### EXERCISE AIM
After finding the line with "valkyrie_armor_helmet_for_skyrim__wip__b", restate it and each remaining line of the material word for word, omitting every picture.

### RECORDED INFORMATION
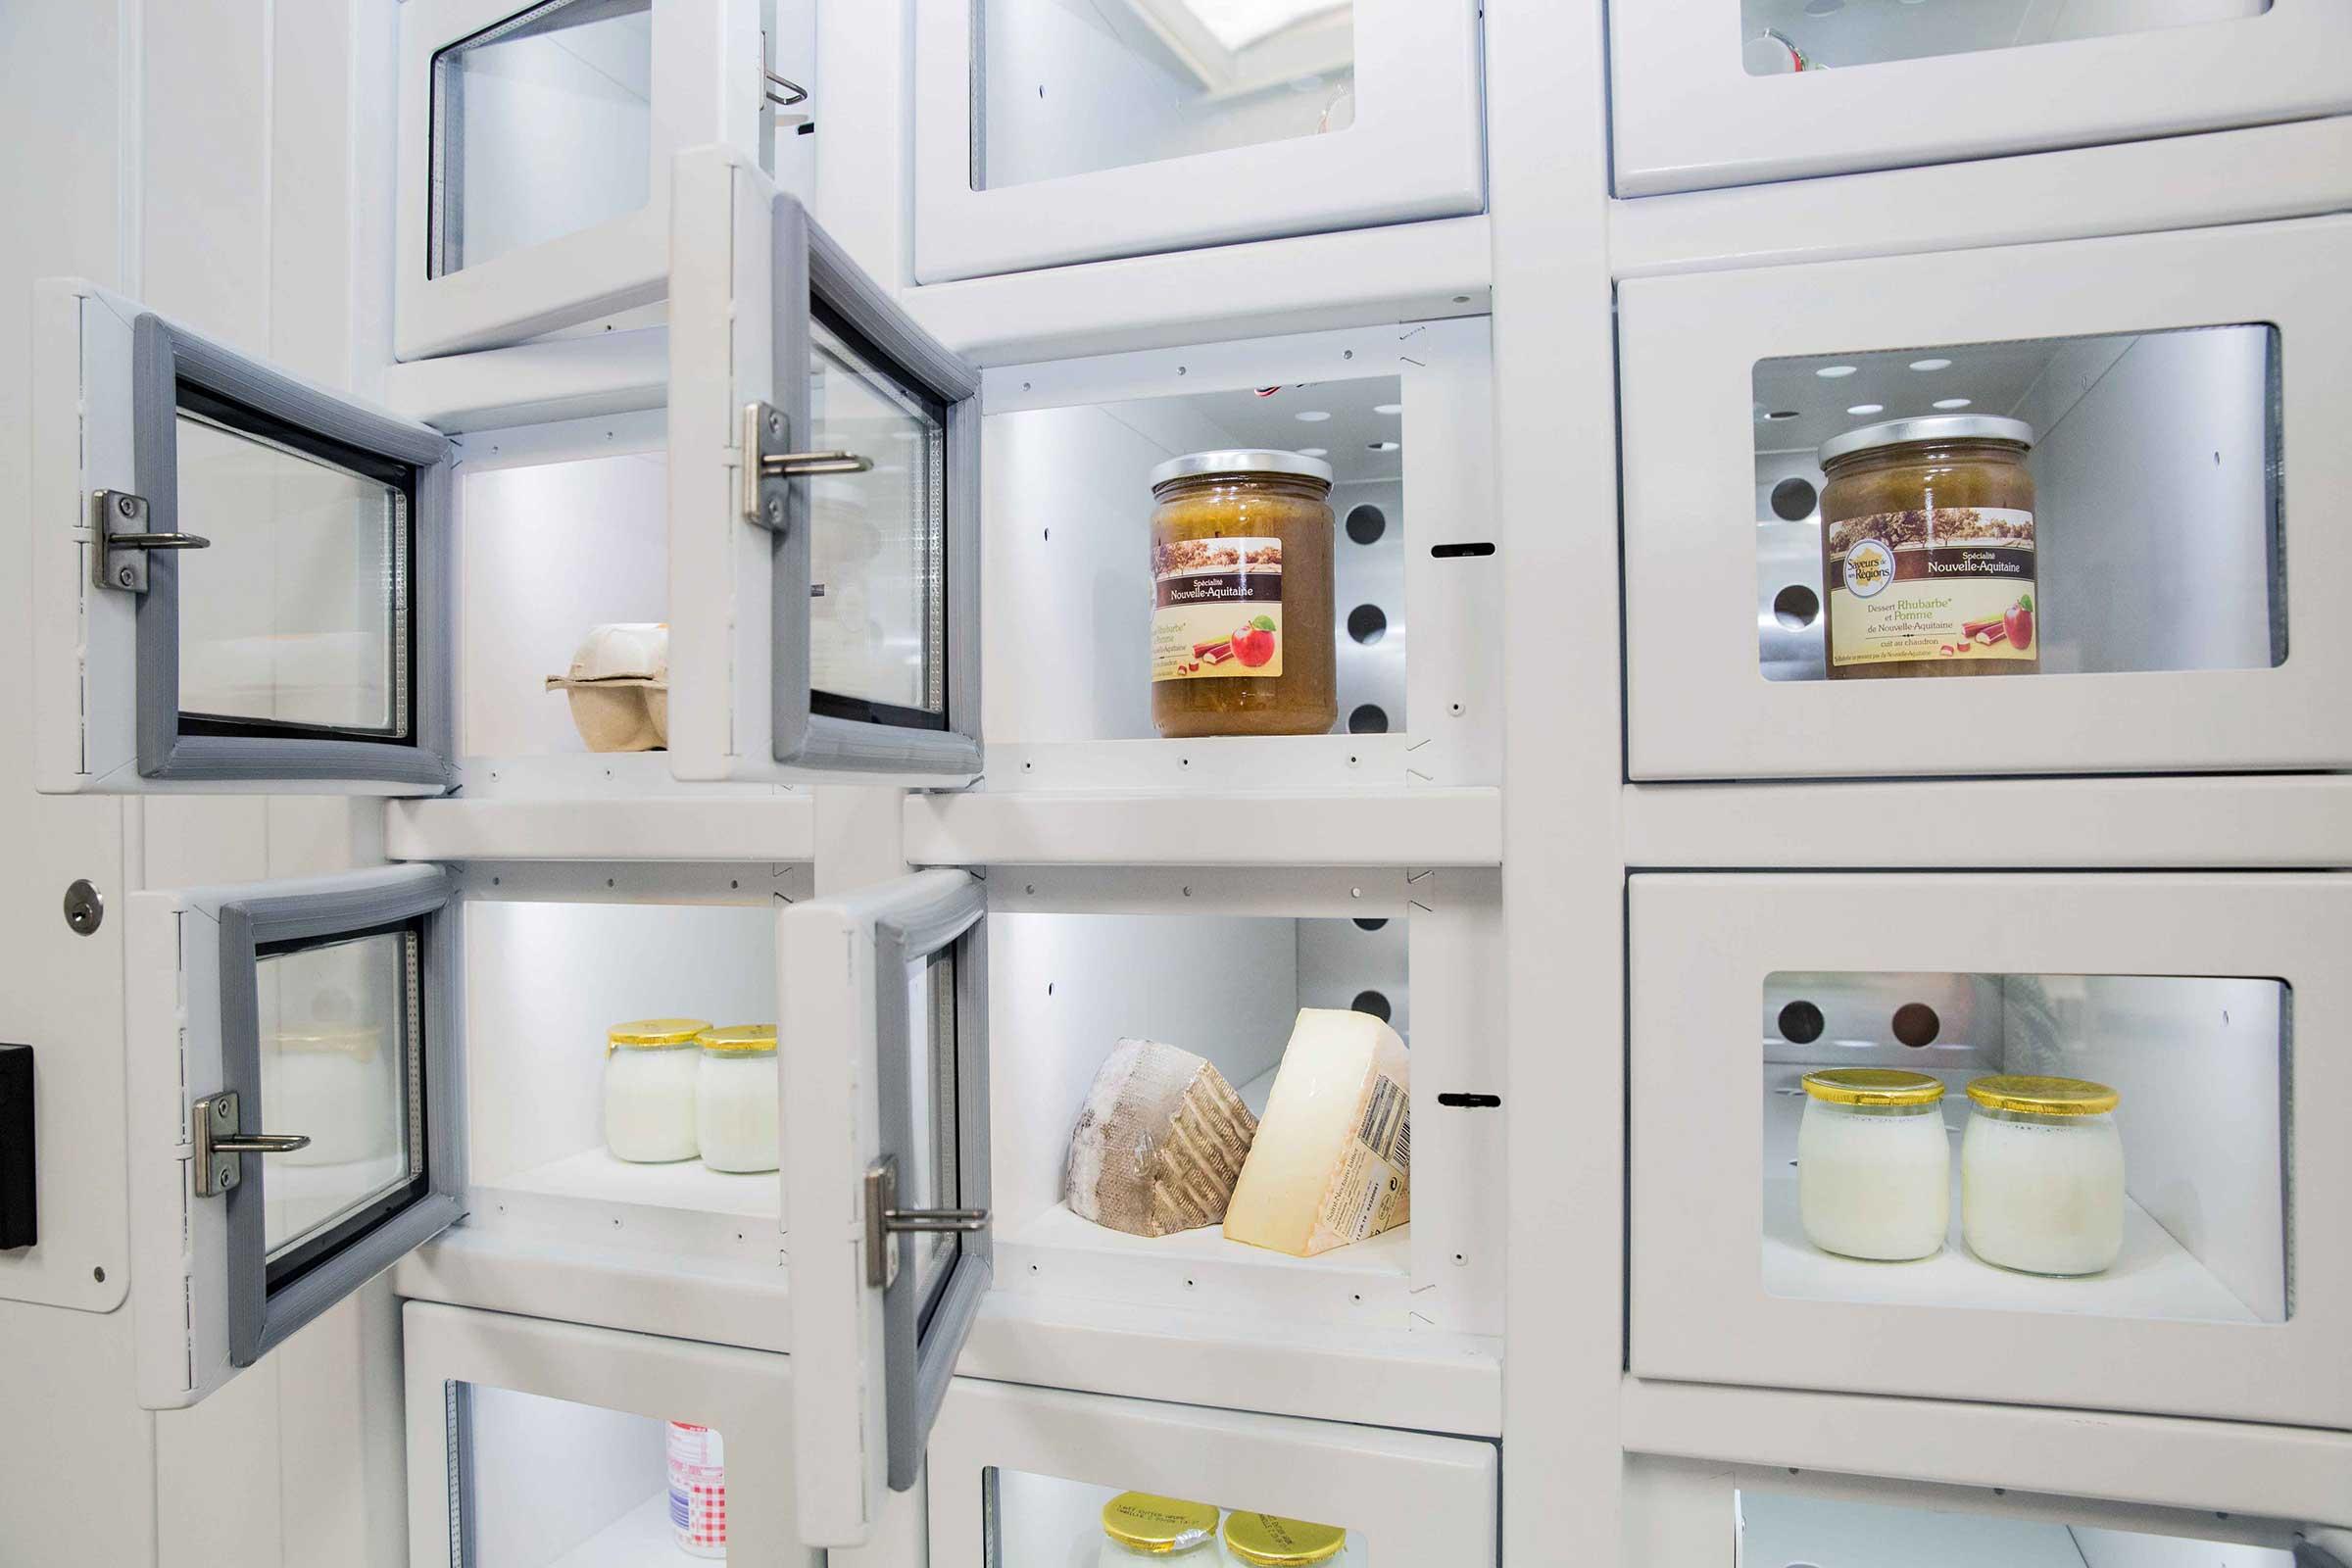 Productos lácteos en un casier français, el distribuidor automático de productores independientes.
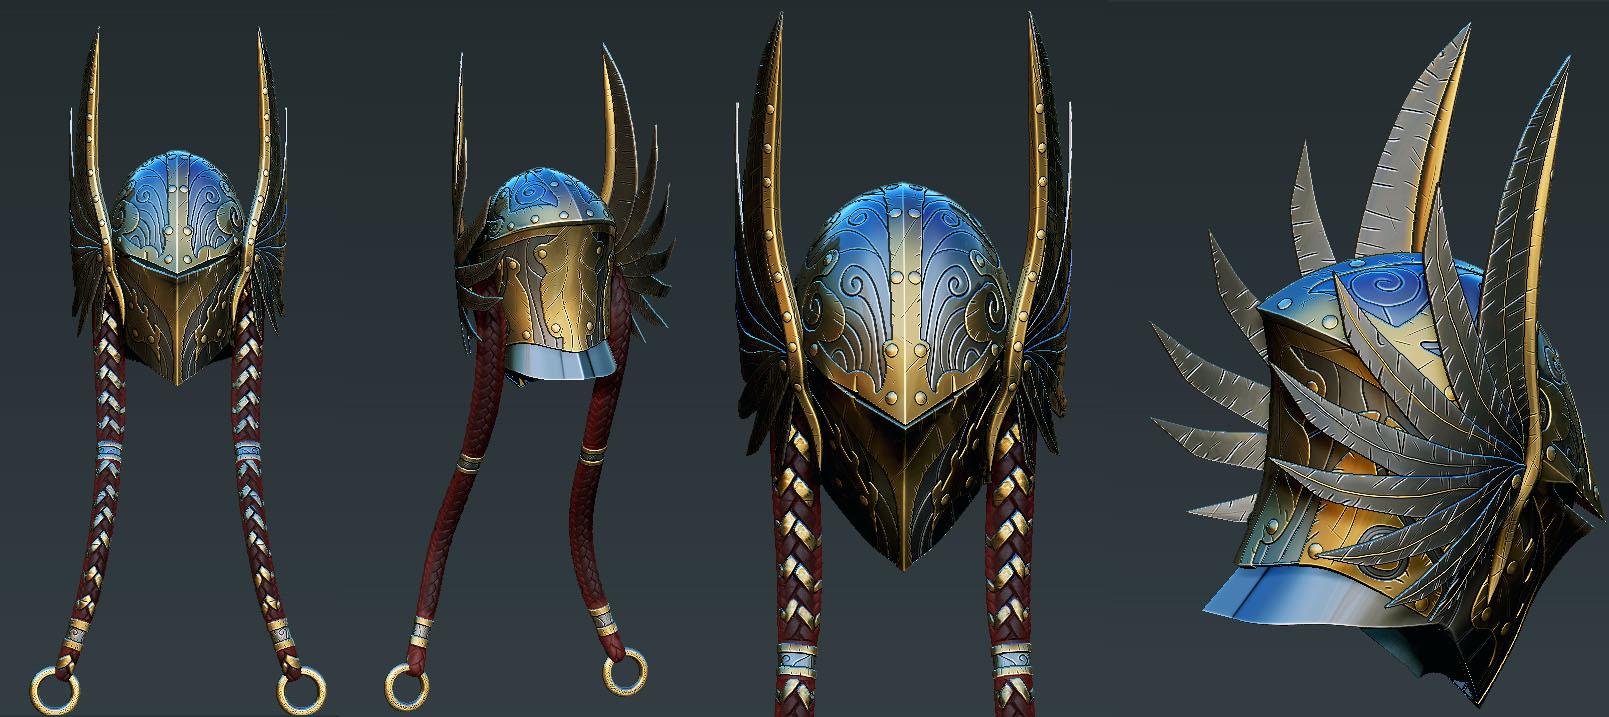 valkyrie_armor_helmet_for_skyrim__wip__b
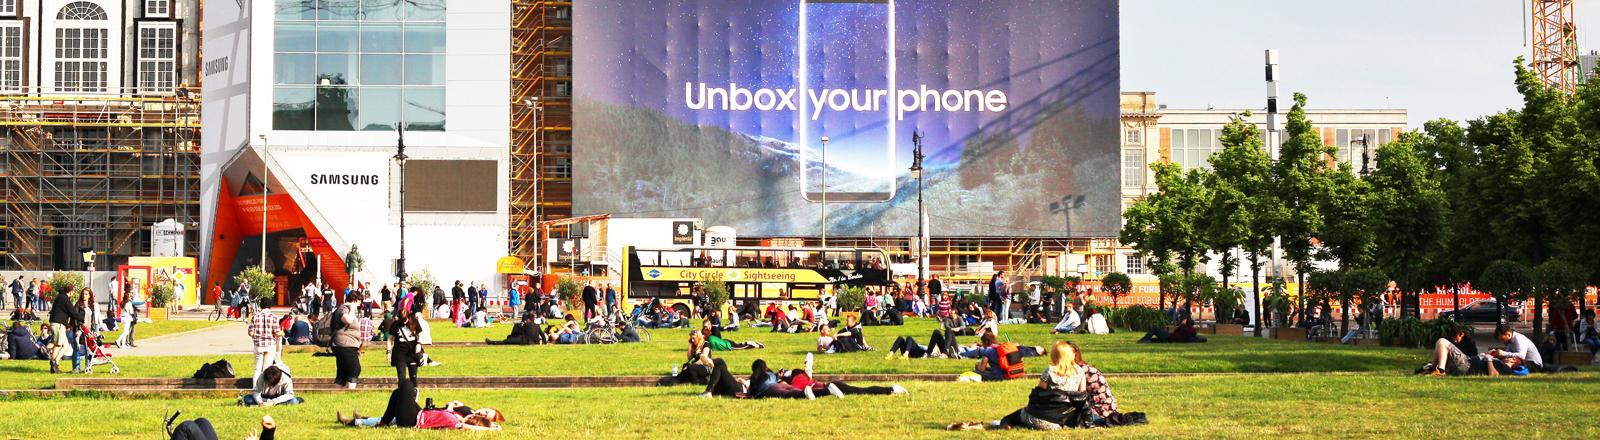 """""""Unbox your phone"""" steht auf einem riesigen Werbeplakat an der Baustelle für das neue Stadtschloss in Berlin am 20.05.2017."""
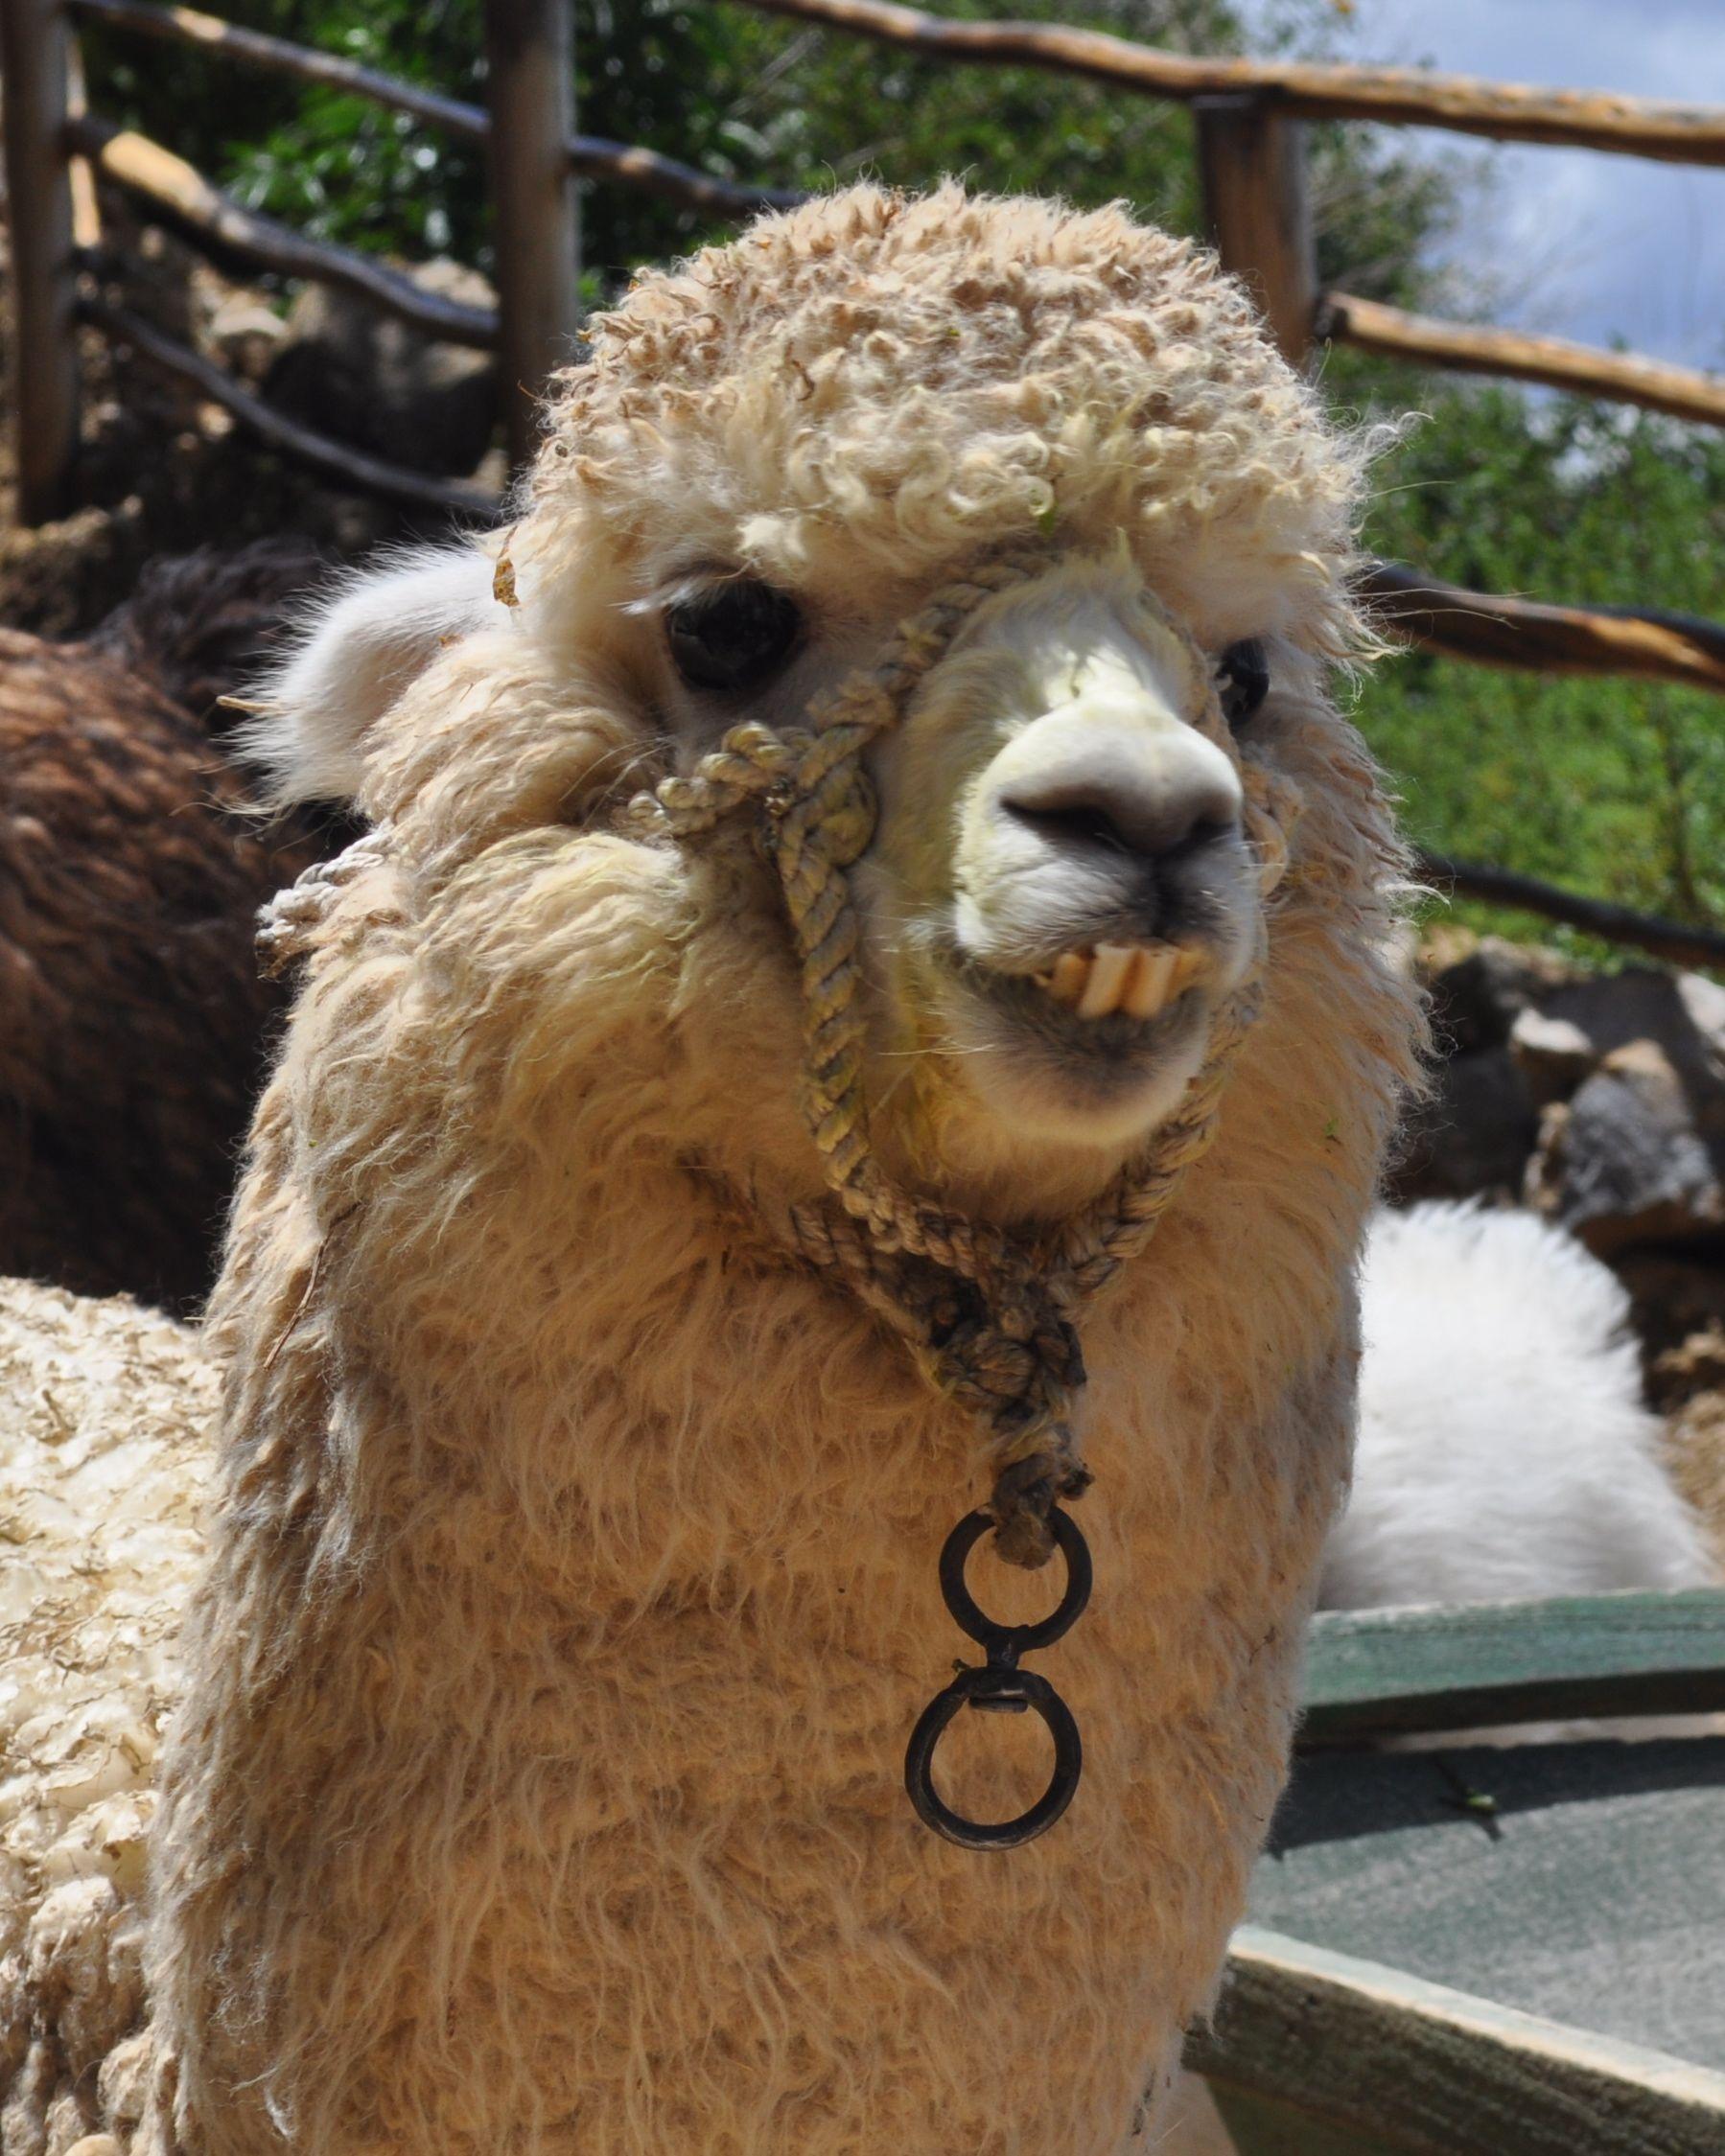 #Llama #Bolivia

### WRITTEN ANSWER
 valkyrie_armor_helmet_for_skyrim__wip__b
 """""""Unbox your phone"""" steht auf einem riesigen Werbeplakat an der Baustelle für das neue Stadtschloss in Berlin am 20.05.2017."""
 #Llama #Bolivia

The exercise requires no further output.